[Work to complete] Please write out every line of the material, leaving out any picture.

------ Provided material

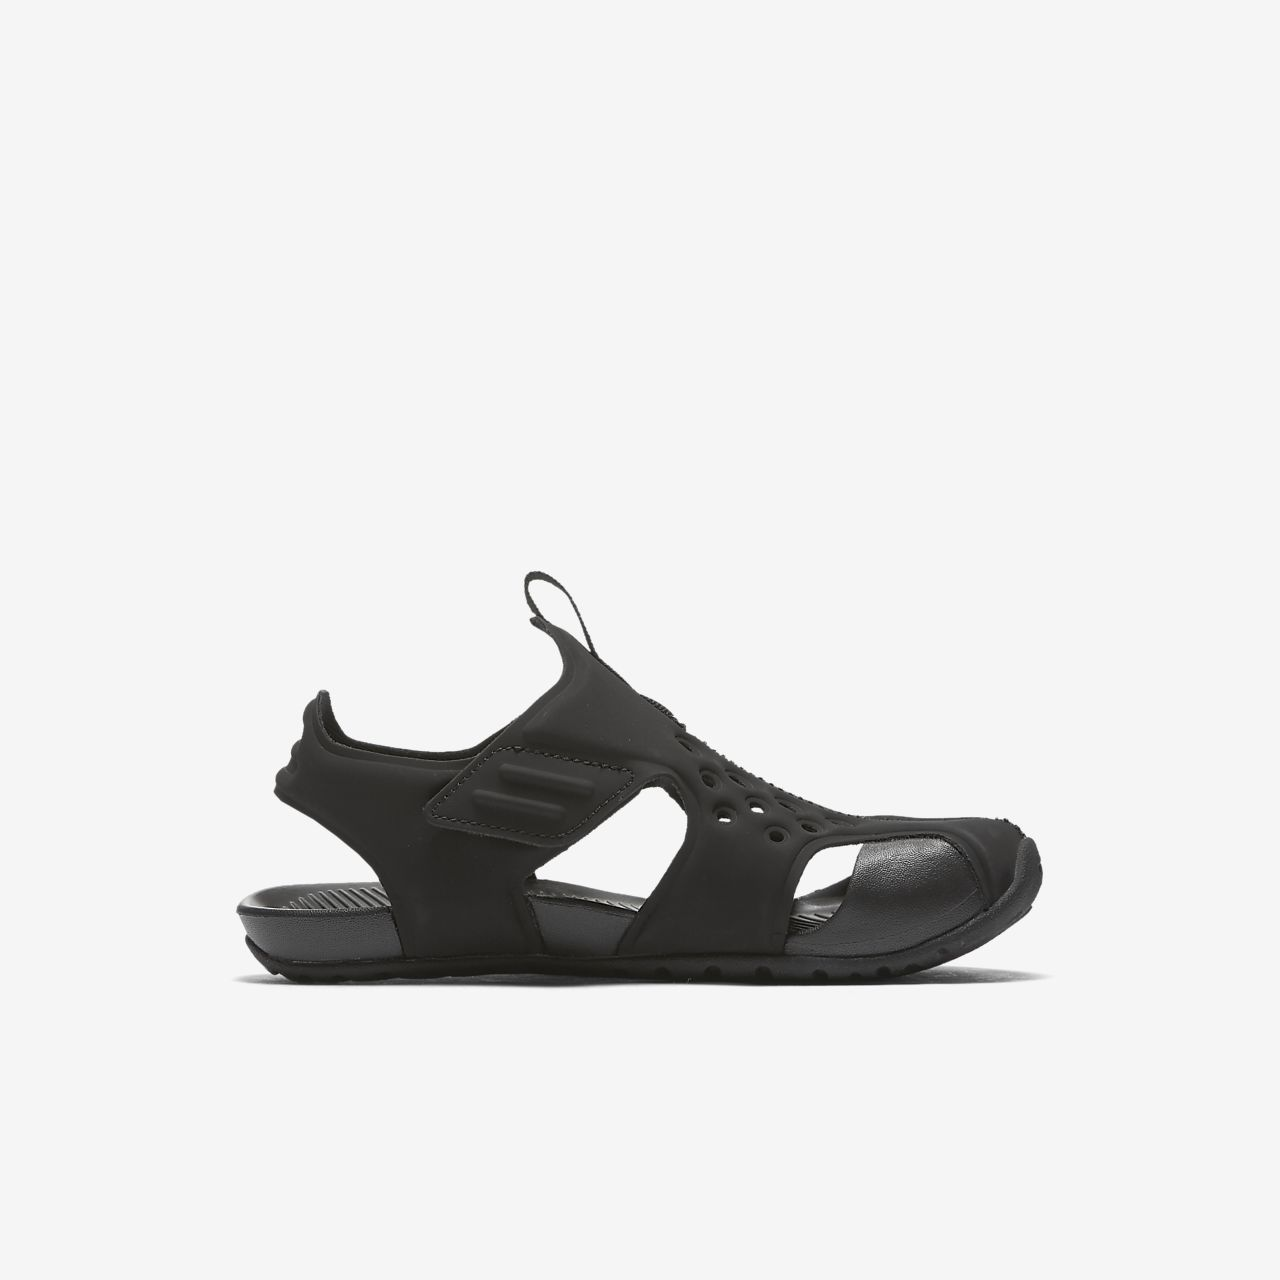 Nike Claquette NIKE SUNRAY PROTECT 2 NOIR Noir - Chaussures Basket Homme
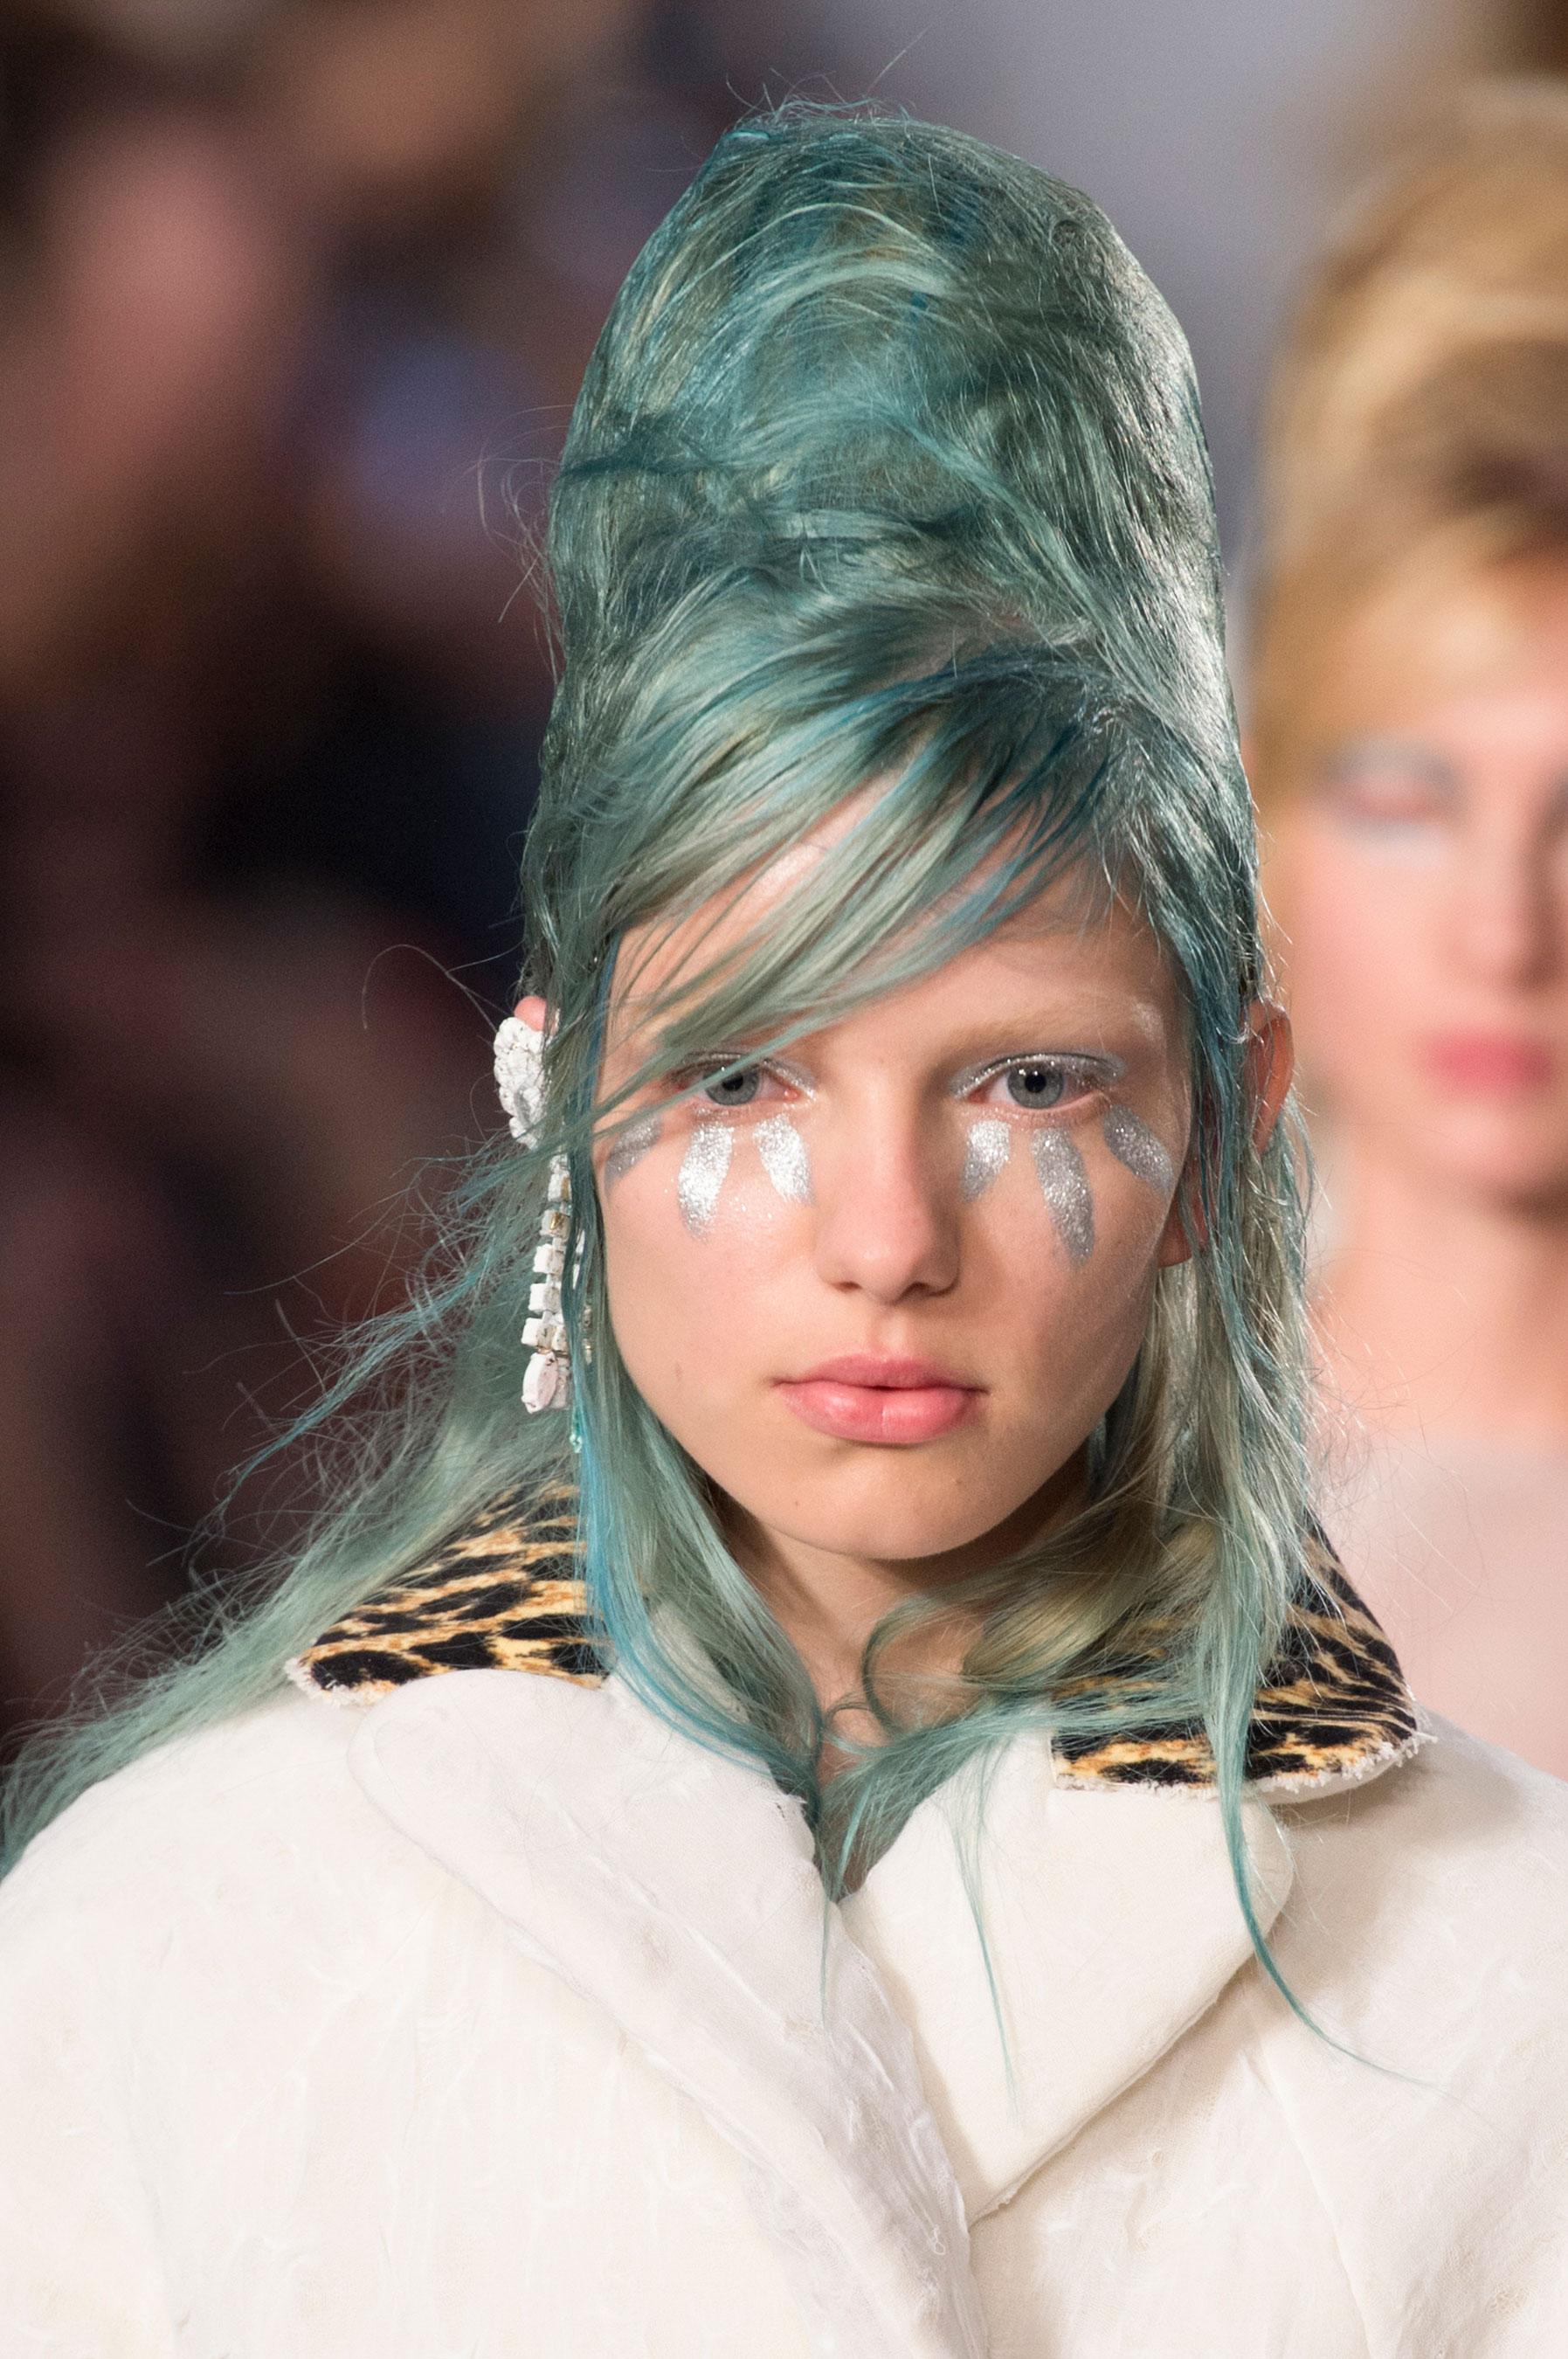 Maison-Margiela-spring-2016-runway-beauty-fashion-show-the-impression-055
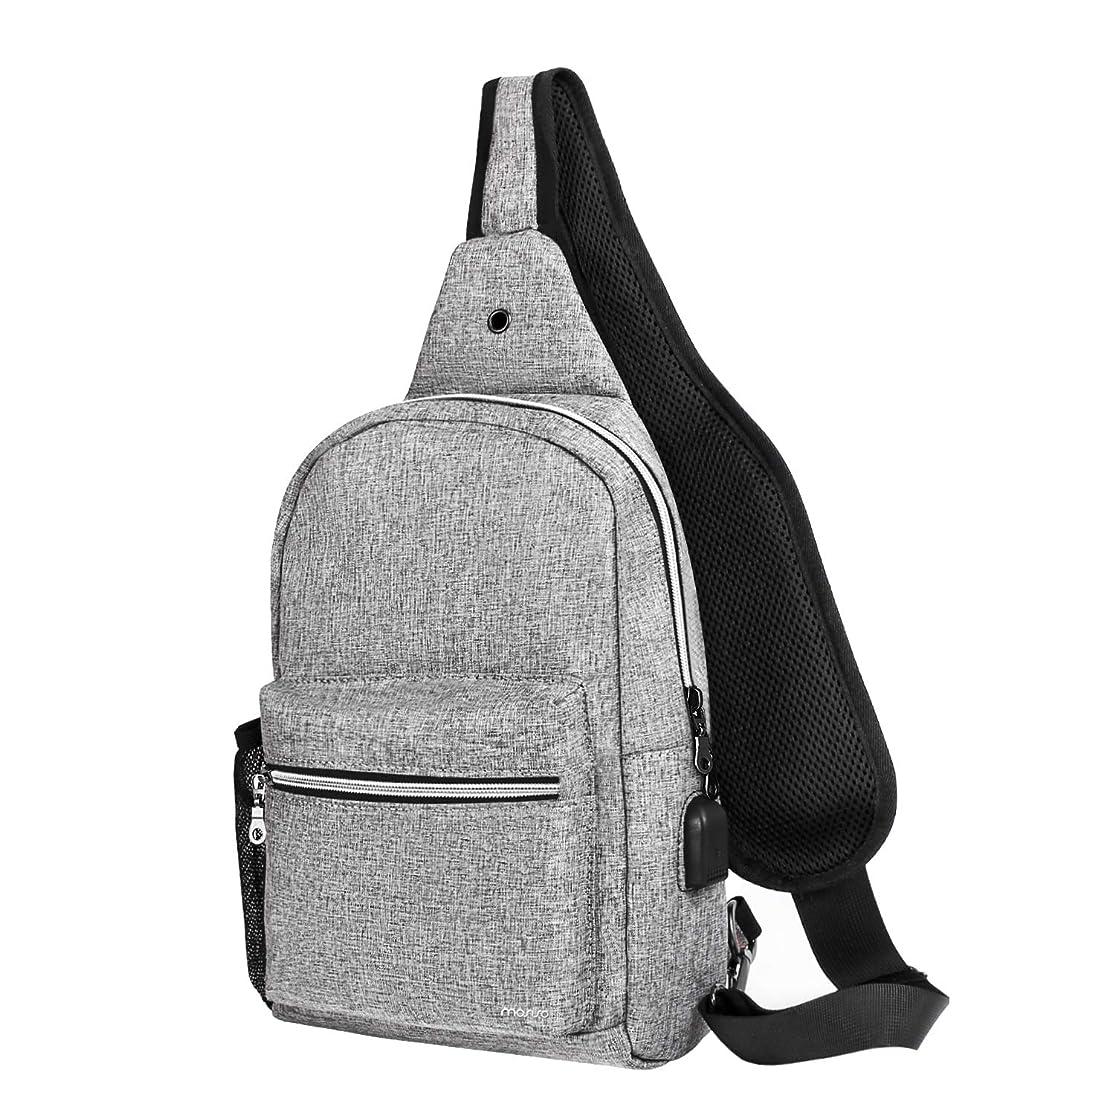 MOSISO Rope Sling Backpack with USB Charging Port, Polyester Chest Shoulder Crossbody Unbalance Gym Fanny Sack Satchel Travel Bag Outdoor Hiking Daypack for Men/Women hlgjcupc8

------------

[Solution]
 Nike Claquette NIKE SUNRAY PROTECT 2 NOIR Noir - Chaussures Basket Homme
 Maison-Margiela-spring-2016-runway-beauty-fashion-show-the-impression-055
 MOSISO Rope Sling Backpack with USB Charging Port, Polyester Chest Shoulder Crossbody Unbalance Gym Fanny Sack Satchel Travel Bag Outdoor Hiking Daypack for Men/Women hlgjcupc8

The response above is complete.